To determine the efficacy of a cognitive-behavioral intervention for treating insomnia in survivors of breast cancer.

Participants were assigned to either a multicomponent intervention with stimulus control, sleep restriction, and sleep education and hygiene or a control intervention with sleep education and hygiene. Participants attended four weekly treatment group sessions (the first session was two hours and the other three were one hour) followed by two weekly 15- to 30-minute individual telephone sessions. Outcomes measures were sleep-onset latency, wake-after-sleep onset, total sleep time, time in bed, sleep efficiency, and sleep quality.

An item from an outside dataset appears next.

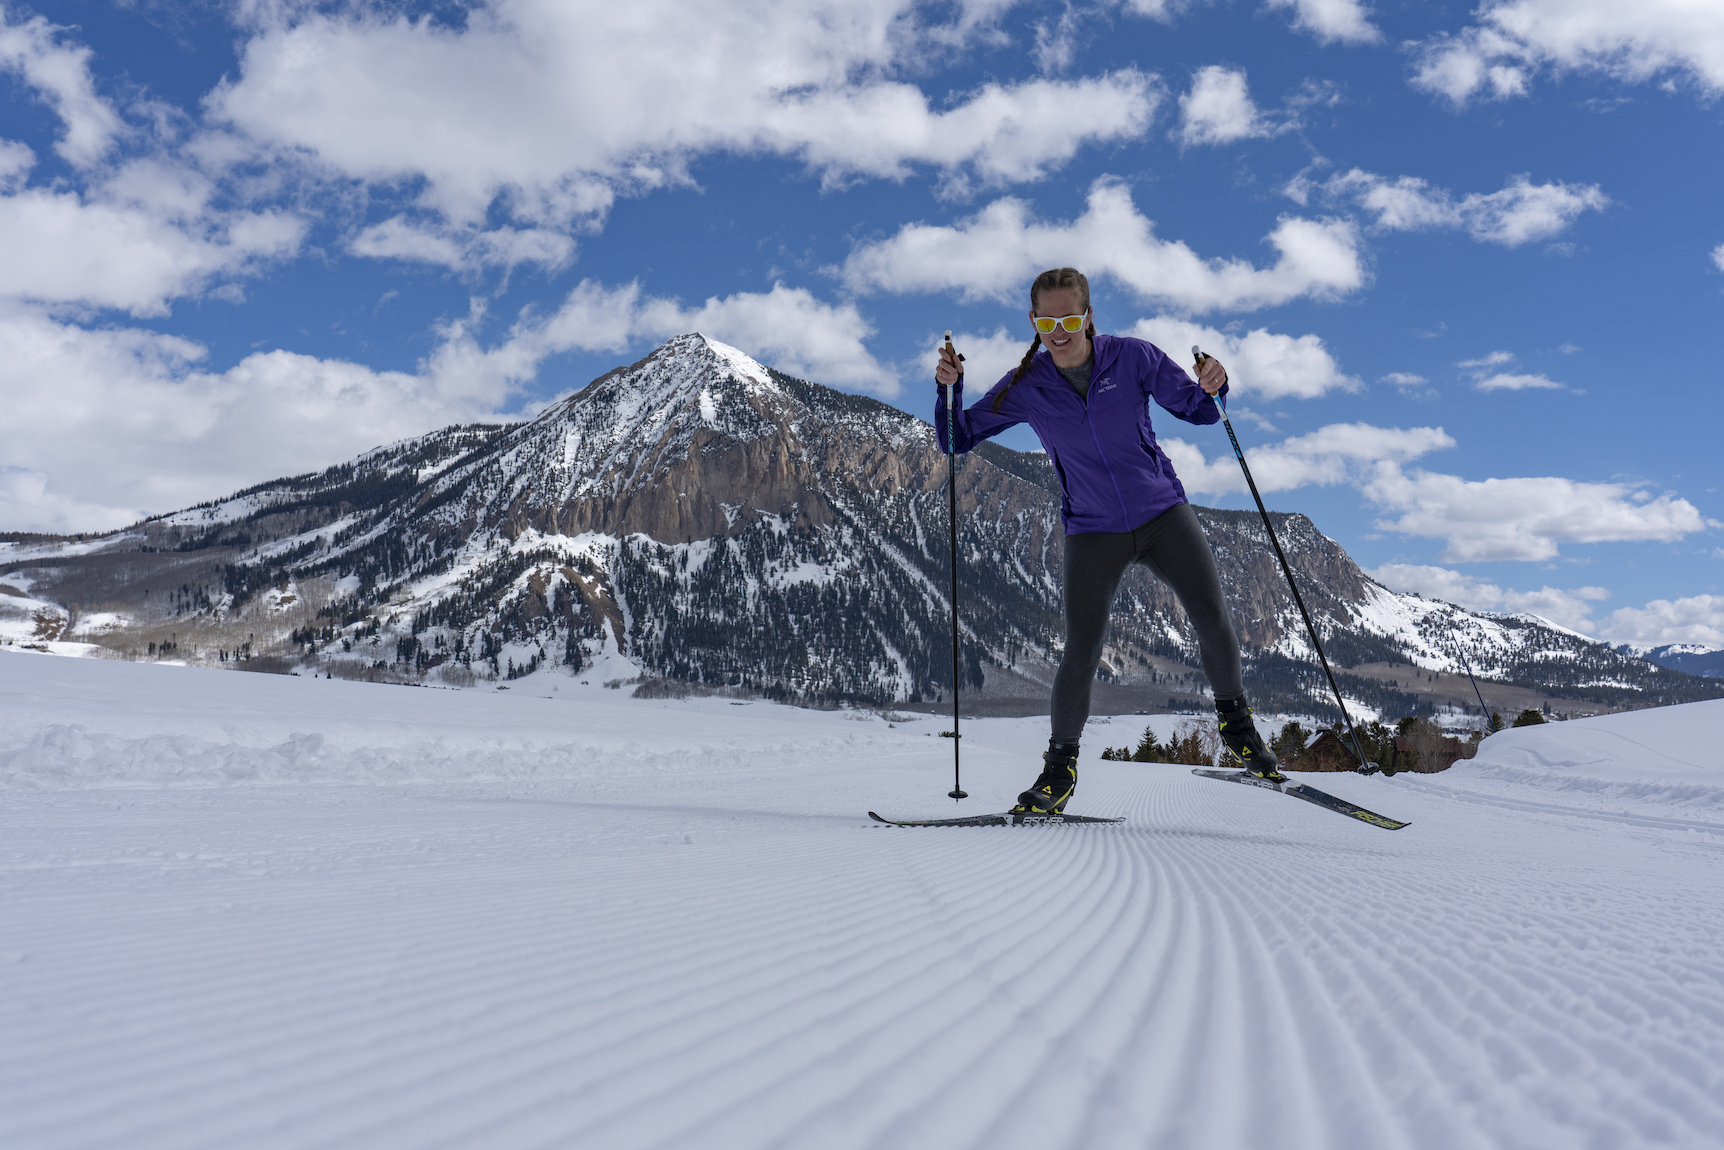 A person skis on skinny skis with a mountain peak in the background. Nordic Skiing Crested Butte

• The study was comprised of 34 participants in the multicomponent intervention and 38 in the control group.
• Participants were women older than 18 years with a diagnosis of stage I, II, or III breast cancer and with insomnia of at least three months' duration.

The study was conducted in university and medical center classrooms.

Patients were undergoing the follow-up phase of care.

This was a randomized, controlled trial.

• Daily sleep diary
• Actiwatch®

After the intervention, based on daily sleep diaries, both groups improved in sleep-onset latency, wake-after-sleep onset, total sleep time, time in bed, sleep efficiency, and sleep quality. A between-group difference existed for time in bed. Wrist actigraph data showed significant pre- to postintervention changes for sleep-onset latency, wake-after-sleep onset, total sleep time, and time in bed. When compared to the control group, the multicomponent intervention group rated overall sleep as more improved.
 

A nonpharmacologic intervention is effective in the treatment of insomnia in survivors of breast cancer.

• The study used a selective sample:  the women were primarily white, well educated, and, on average, were diagnosed with cancer six years previously.
• Recruitment was via an advertisement and support groups; therefore, participants were more motivated to receive treatment.
• Space was required for group meetings.
• Actigraphs incurred a cost.
• The study required a Master’s level clinical nurse specialist in psychiatric-mental health nursing trained in the delivery of the intervention.